『ちょっとだけエスパー』は“愛”を教えてくれる 野木亜紀子が描く人間の美しさと残酷さ

 『ちょっとだけエスパー』(テレビ朝日系)第3話終盤で「世界はたやすく変容する。思いどおりとは限らない。その枝はもろくはかない」と兆(岡田将生)は言った。その台詞は、次の場面で四季と文太(大泉洋)が手にしている線香花火の儚さと重なる。点火した瞬間、次々と形を変えていく線香花火の変化の過程を見つめている四季(宮﨑あおい)が、段階ごとに「蕾」「牡丹」「松葉」「散り菊」と言う。それを見て「はかない一生だね」と言う文太とともに、視聴者もまた、線香花火の「はかない一生」の濃密さを、改めて思わずにいられない。野木亜紀子脚本『ちょっとだけエスパー』は、そんな脆く儚く、移ろいやすいこの世界の、もしくは人間の、美しさと残酷さを映し出そうとする。

 TBSドラマ『アンナチュラル』『MIU404』『海に眠るダイヤモンド』の野木亜紀子が脚本を手掛ける本作は、大泉洋演じる会社をクビになったサラリーマンが「“ちょっとだけエスパー”になって世界を救う」という任務を与えられ、仲間と共に奮闘する「ジャパニーズ・ヒーロードラマ」である。同時に文太が働く会社「ノナマーレ」には「人を愛してはならない」というルールがあるにもかかわらず、彼を自分の夫だと思い込んでいる“妻”四季との間に生まれつつある恋の行方を描く「SFラブロマンス」でもあるのだろう。

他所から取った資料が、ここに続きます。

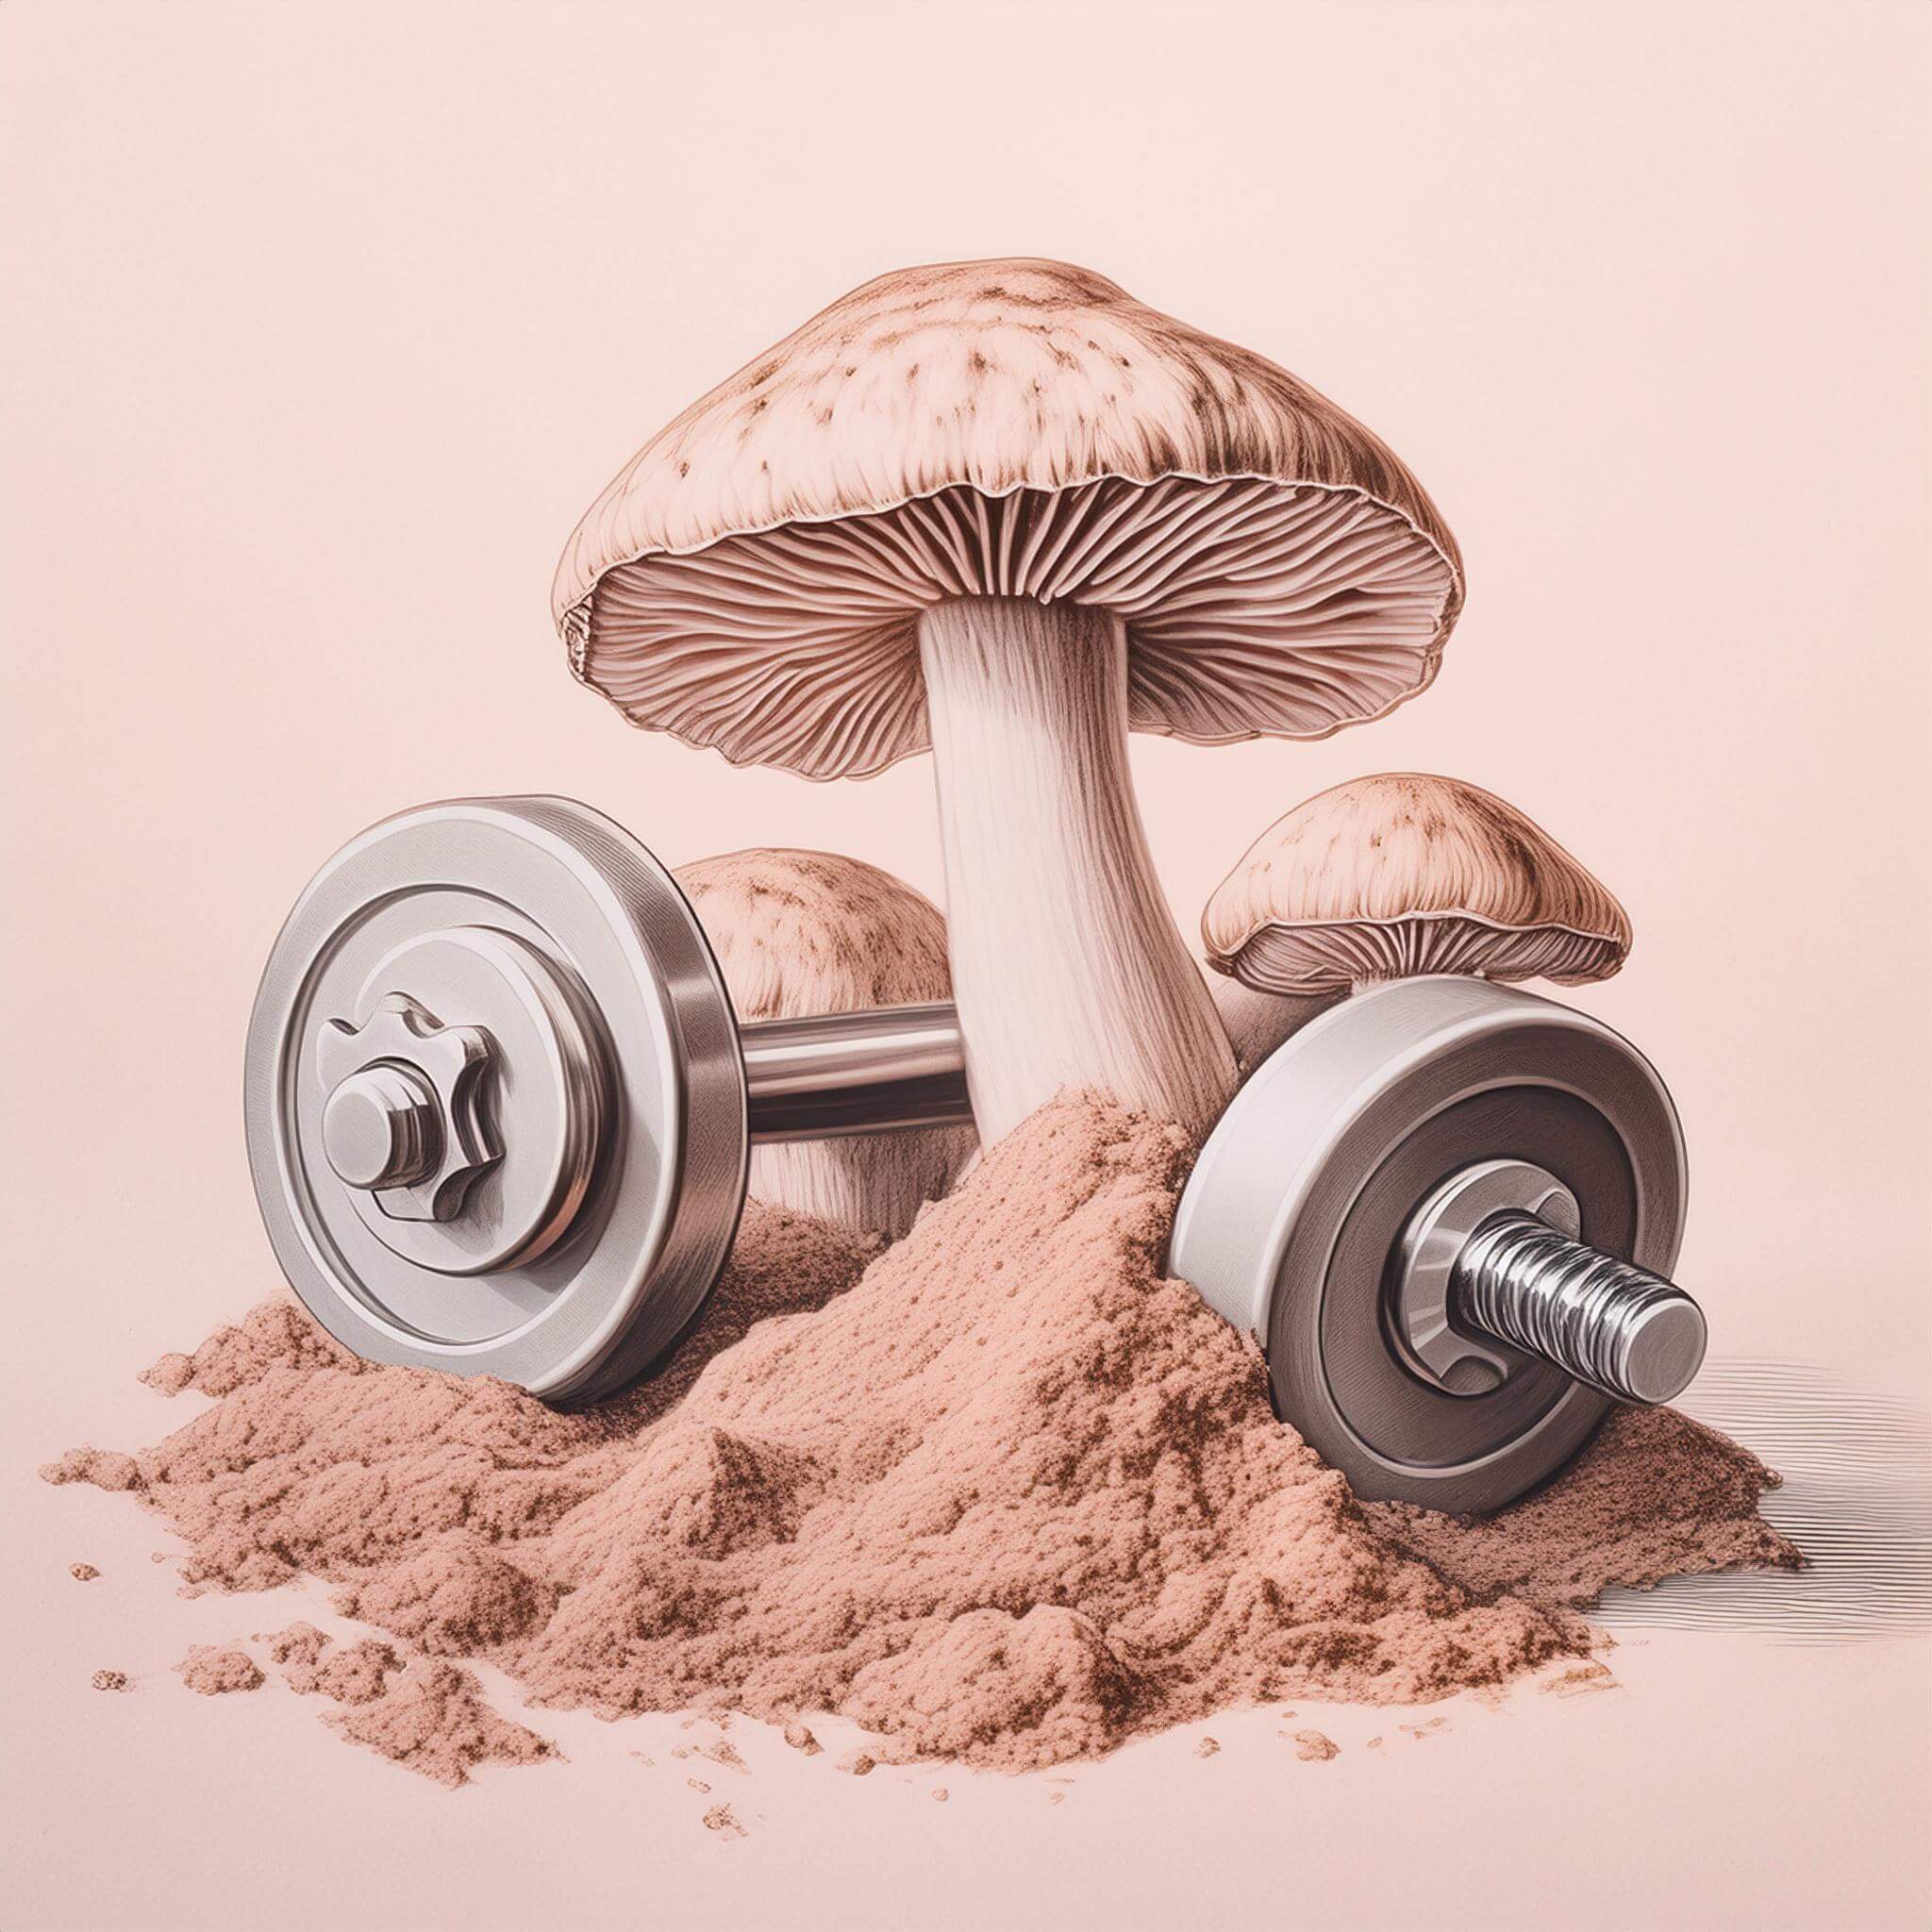 drawing of mushrooms and mushroom powder and weights  illustrating mushrooms for athletics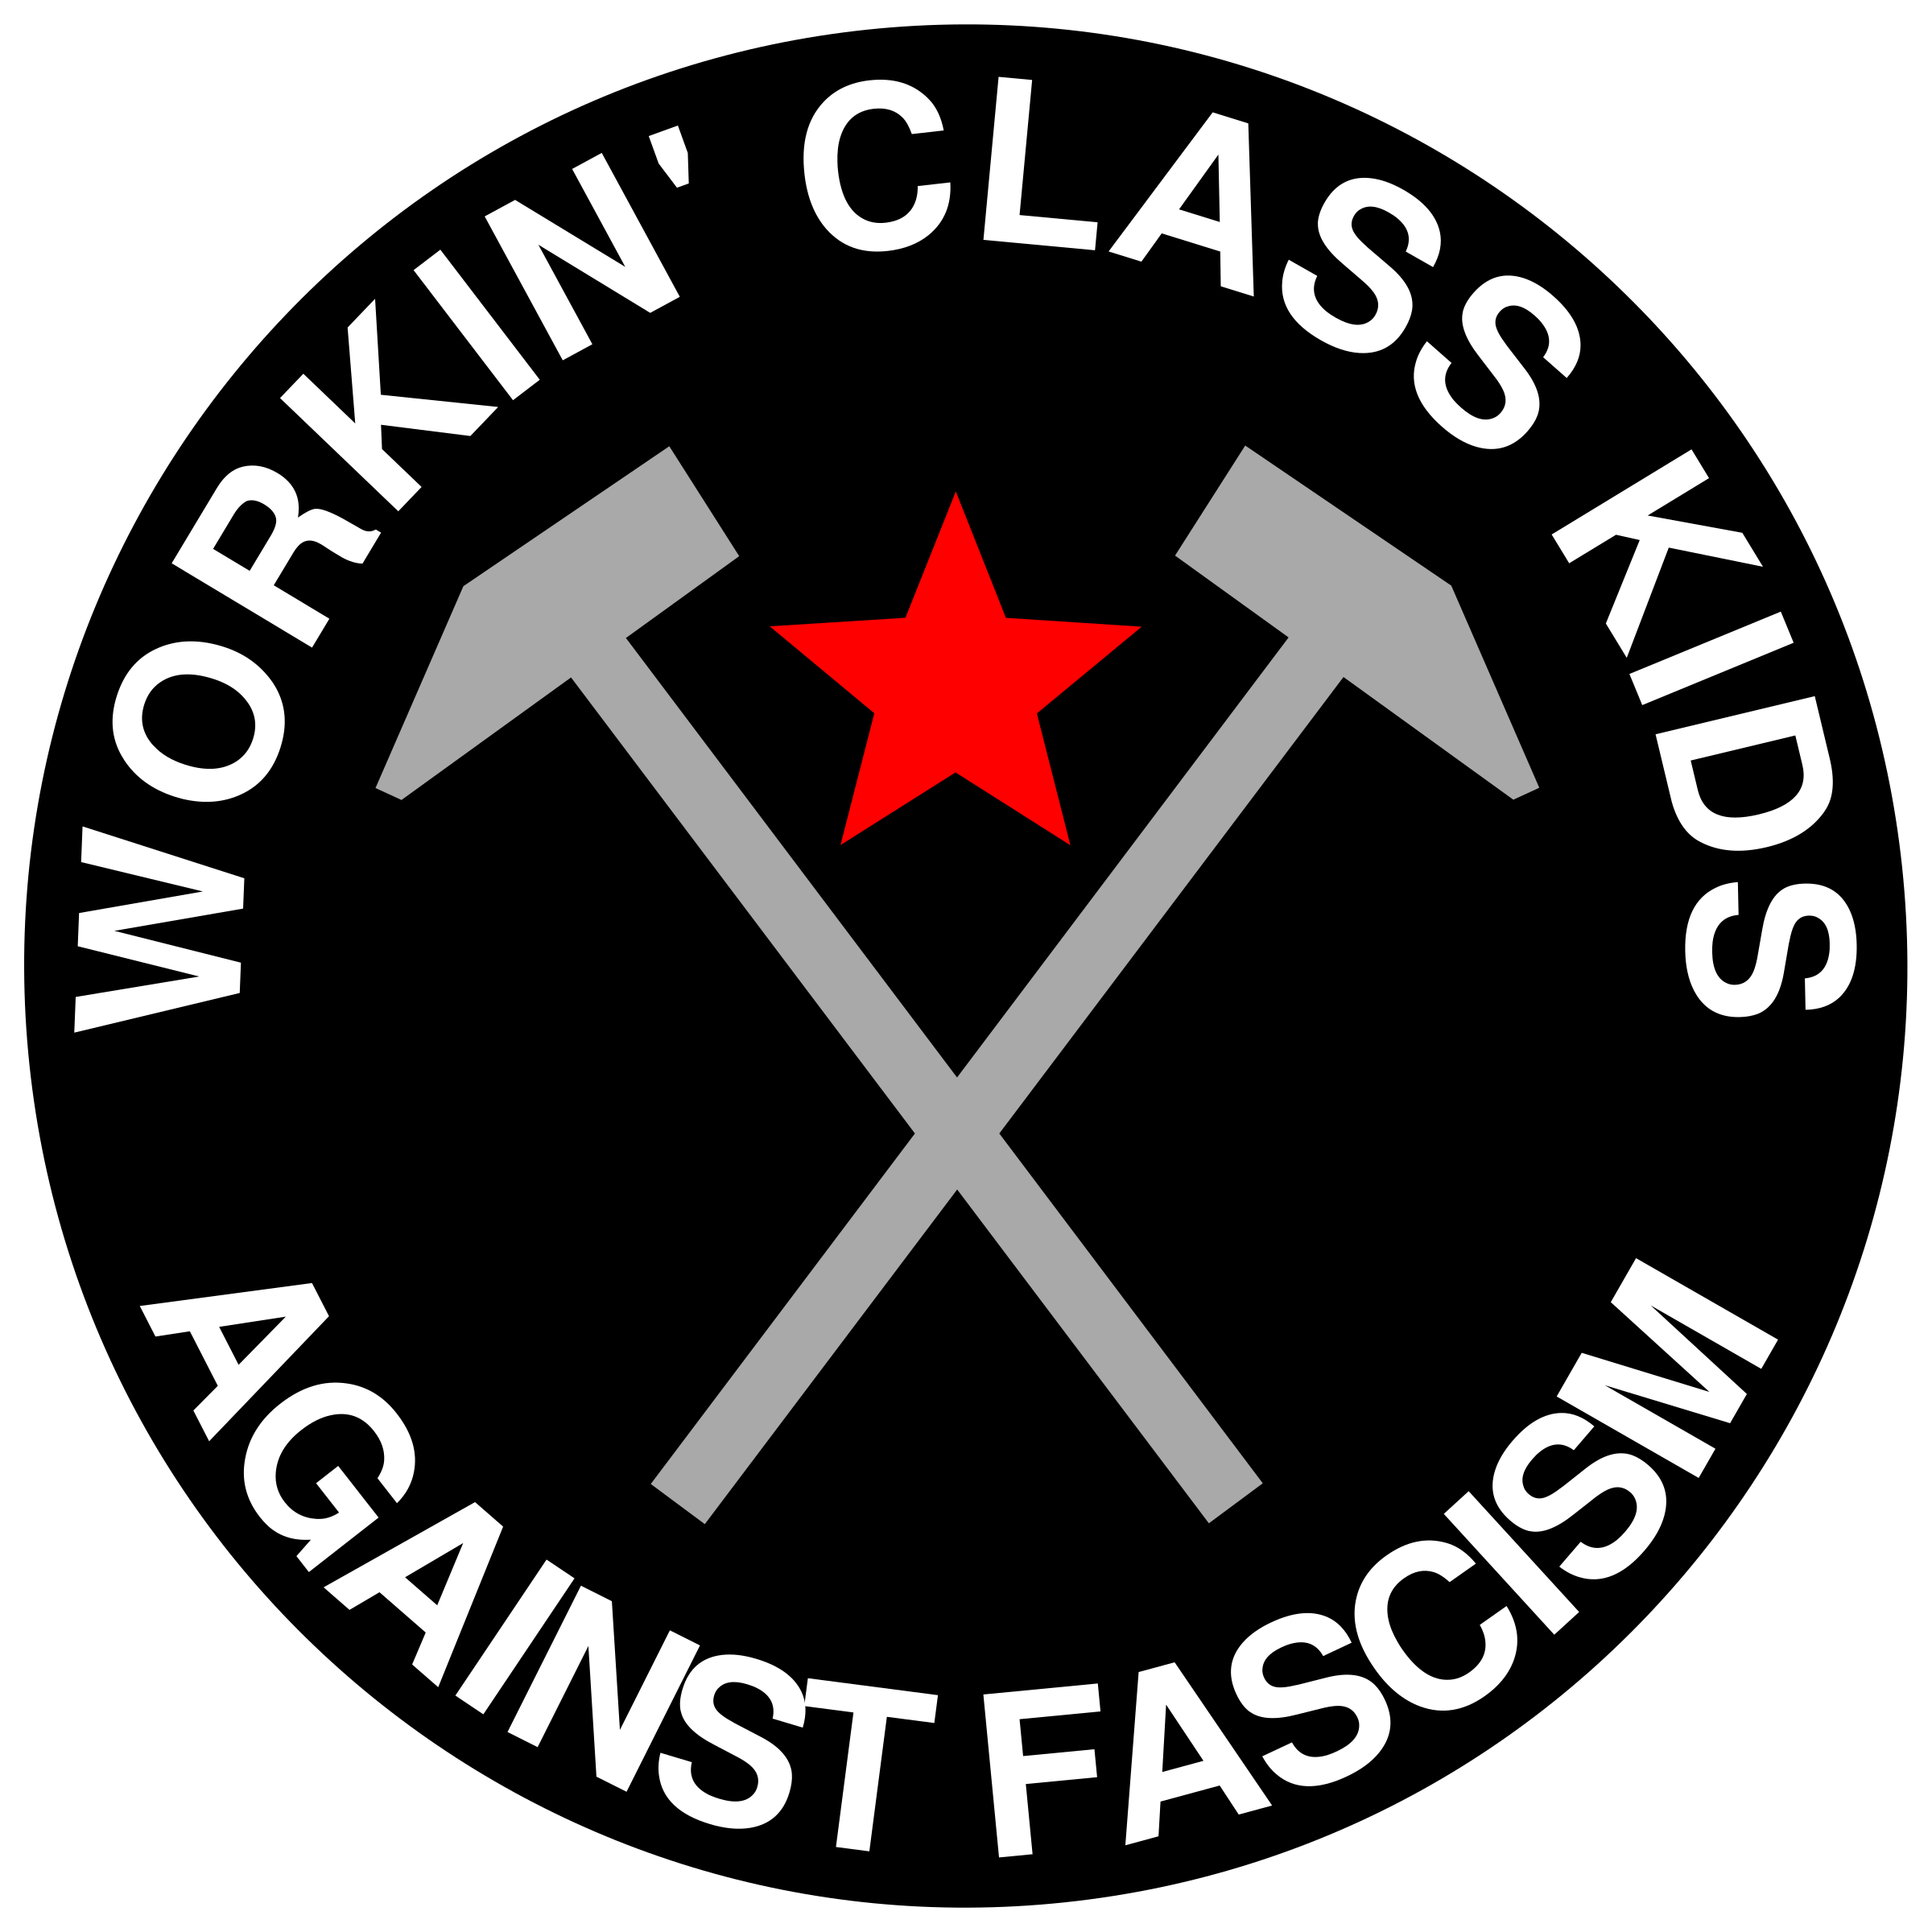 Working clipart class work. Workin kids against fascism

 しかしなんと現実味溢れた「ヒーローもの」だろうか。「これまでの人生、世界に見捨てられて生きてきた」のだから「世界なんてどうでもいい」と思っている人々が、何の役に立つのか分からないささやかな特殊能力を得て、何が何やら分からないままヒーローとしての奮闘を試みるという物語なのだから。

 なかなか実感の沸きづらい「世界を救う」という任務に対して「目の前の四季ちゃんを救うってことなら分かるじゃない」と第2話の円寂(高畑淳子)が言うように、第3話は、神社のお祭りで起きた爆発事故に際し、文太と桜介(ディーン・フジオカ)が、目の前にいる、かつての自分のように父を見失い迷子になっている少年と、桜介の息子・紫苑(新原泰佑)を咄嗟に救おうとすることで「かつての自分」を救おうとする話だった。

 「ちょっとだけヒーロー」だからといって彼らは神様のように万能ではない。第2話で文太たちは、生活が苦しく、「世の中への復讐のため」に贋作ビジネスに手を染めようとした画家・千田守(小久保寿人)を止めることに成功した。だが千田の肩に置かれた「天使の手」こと文太たちの懸命な妨害活動は、彼らの預かり知らないところで、千田の人生を皮肉な形で終わらせることになった。

 第1話において、文太が初めて自分のエスパーを知った時、道行く人々の「心の声」を聞いて回りながら、これまで知らなかった世界の楽しい一面を知るような高揚感ゆえ、あるいは自分しか知らない世界がある優越感ゆえ、横断歩道の白い部分をスキップするように軽やかに踏む。だが、次の場面では、人の心の奥から零れ出る悲鳴を聞いてしまう。「しんどい」「死にたい」「俺以外楽しそう」「なんで生きてんだっけ?」。人々の苦しみに触れた彼は疲弊してしばらく落ち込んでいる。つまり、文太の目を通して本作が描き出そうとするのは、この世界の、まだ見ぬ美しさと哀しみの光景なのかもしれない。